**Exercise directions:**
What you give must be the lines from the one containing "Water,Art,Sculpture,Statue,Field" through the last line of the listing below, exactly, with nothing else and no pictures.

**Data below:**
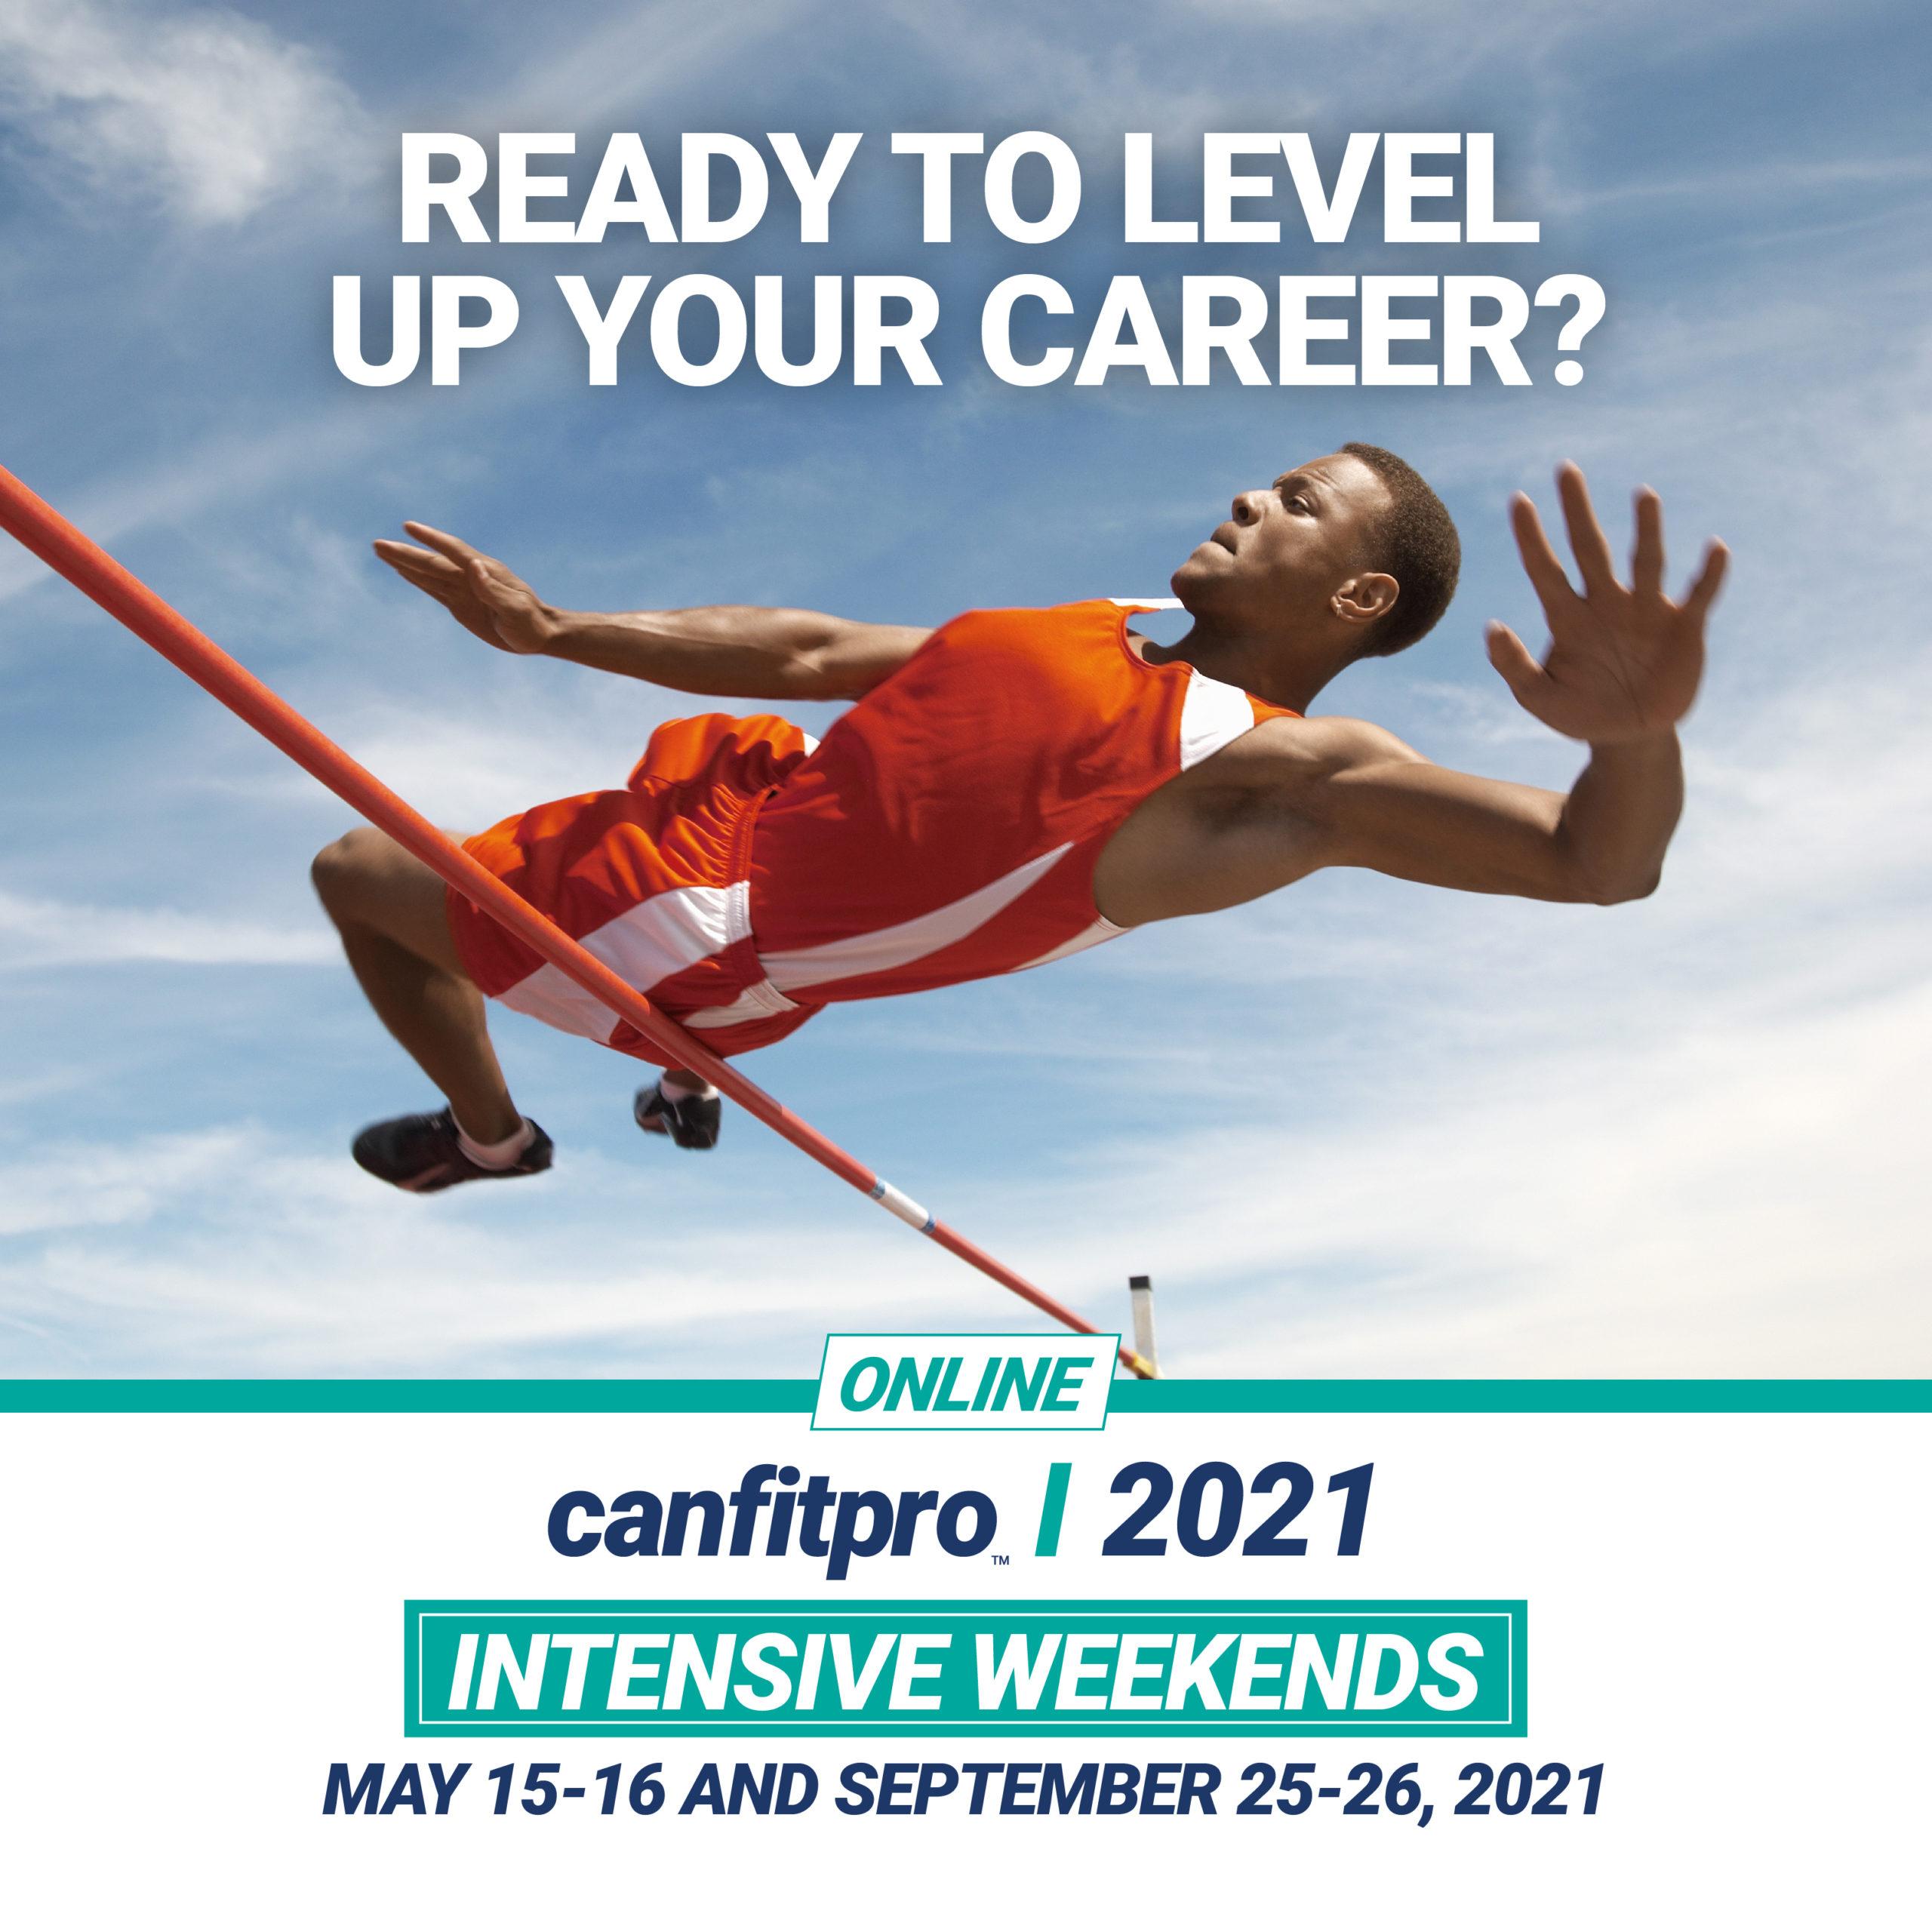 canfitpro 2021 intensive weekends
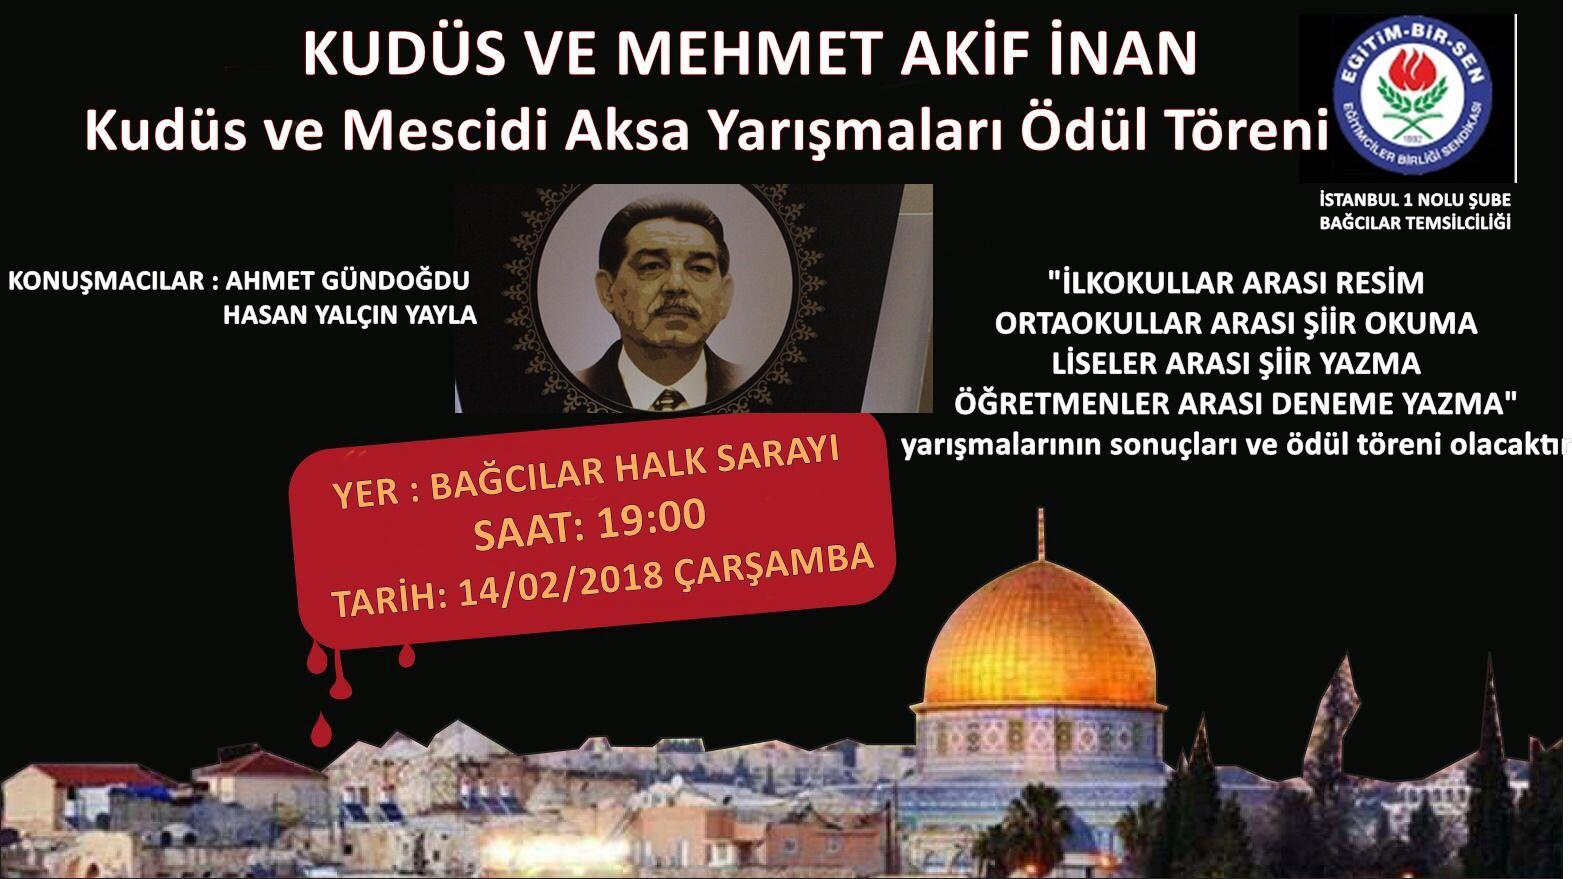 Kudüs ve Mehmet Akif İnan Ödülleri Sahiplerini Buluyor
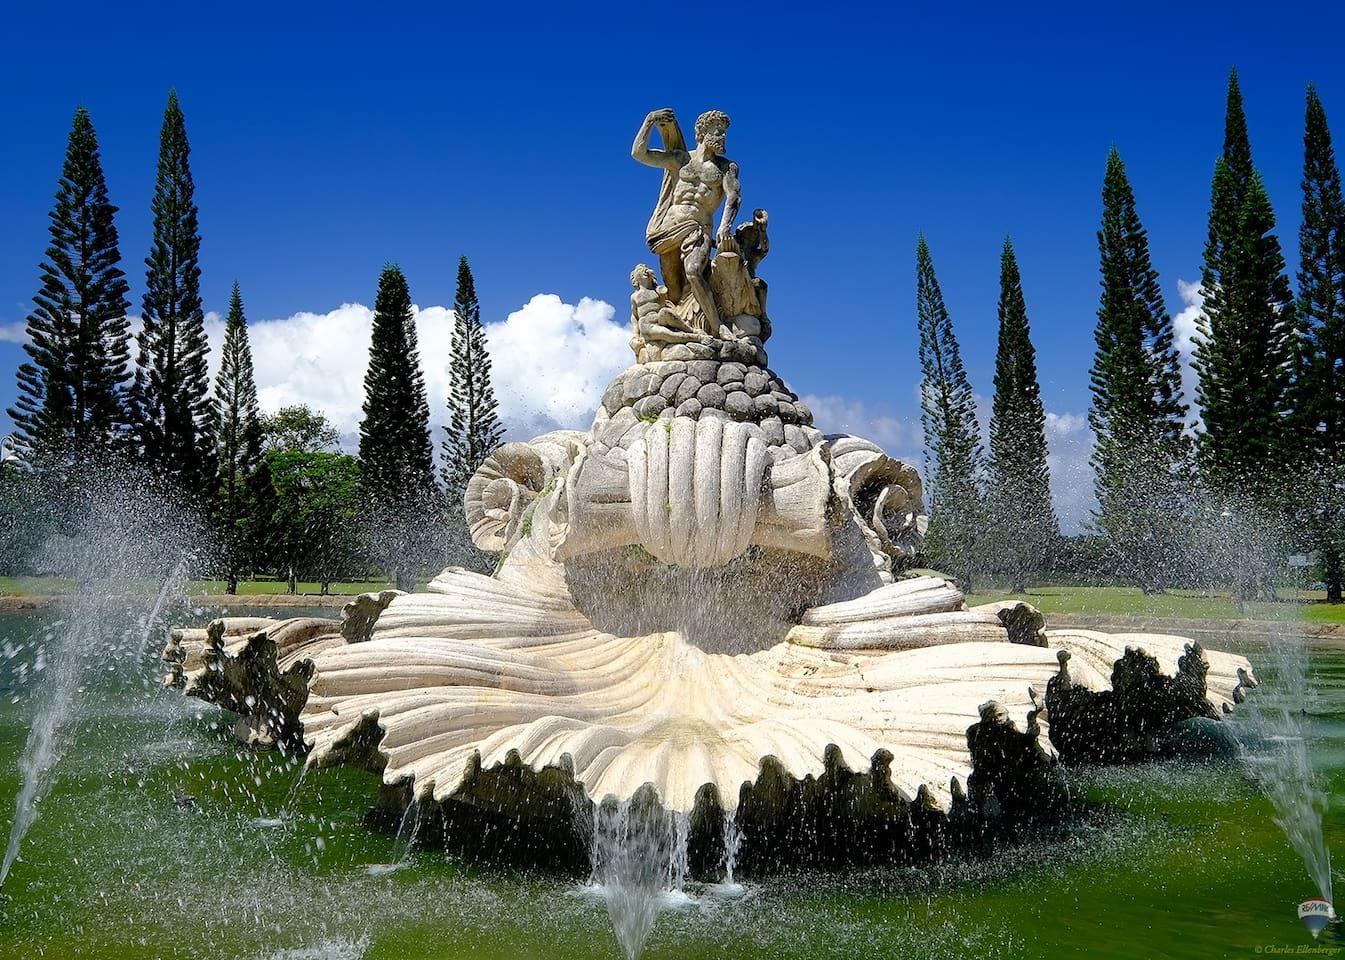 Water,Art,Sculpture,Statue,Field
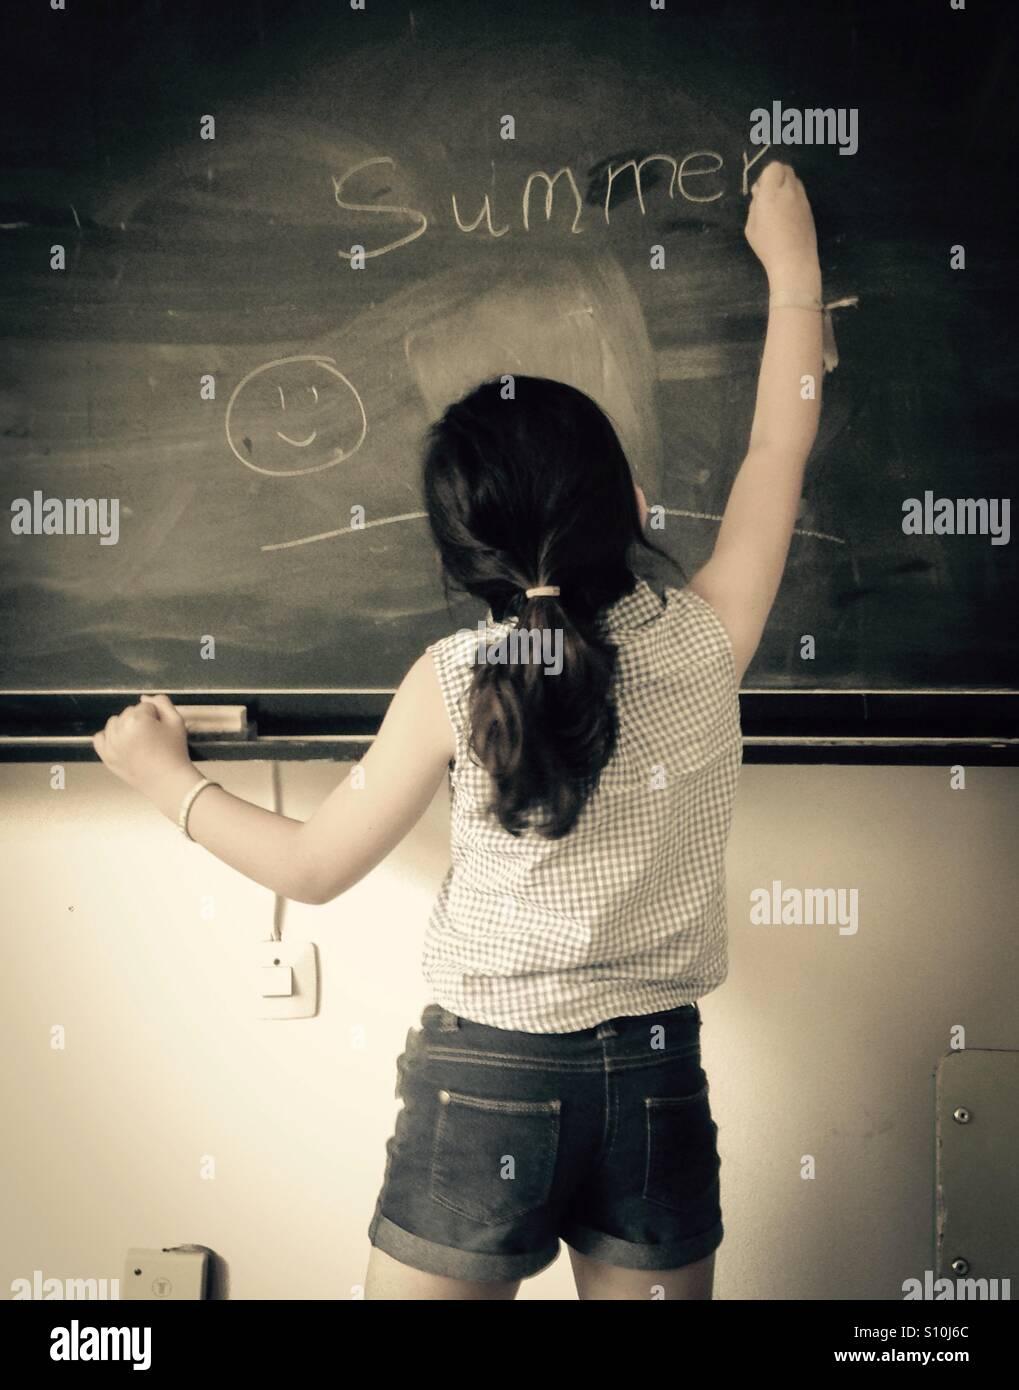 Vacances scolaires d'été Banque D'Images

**Solution for this problem:**
 Water,Art,Sculpture,Statue,Field
 Vacances scolaires d'été Banque D'Images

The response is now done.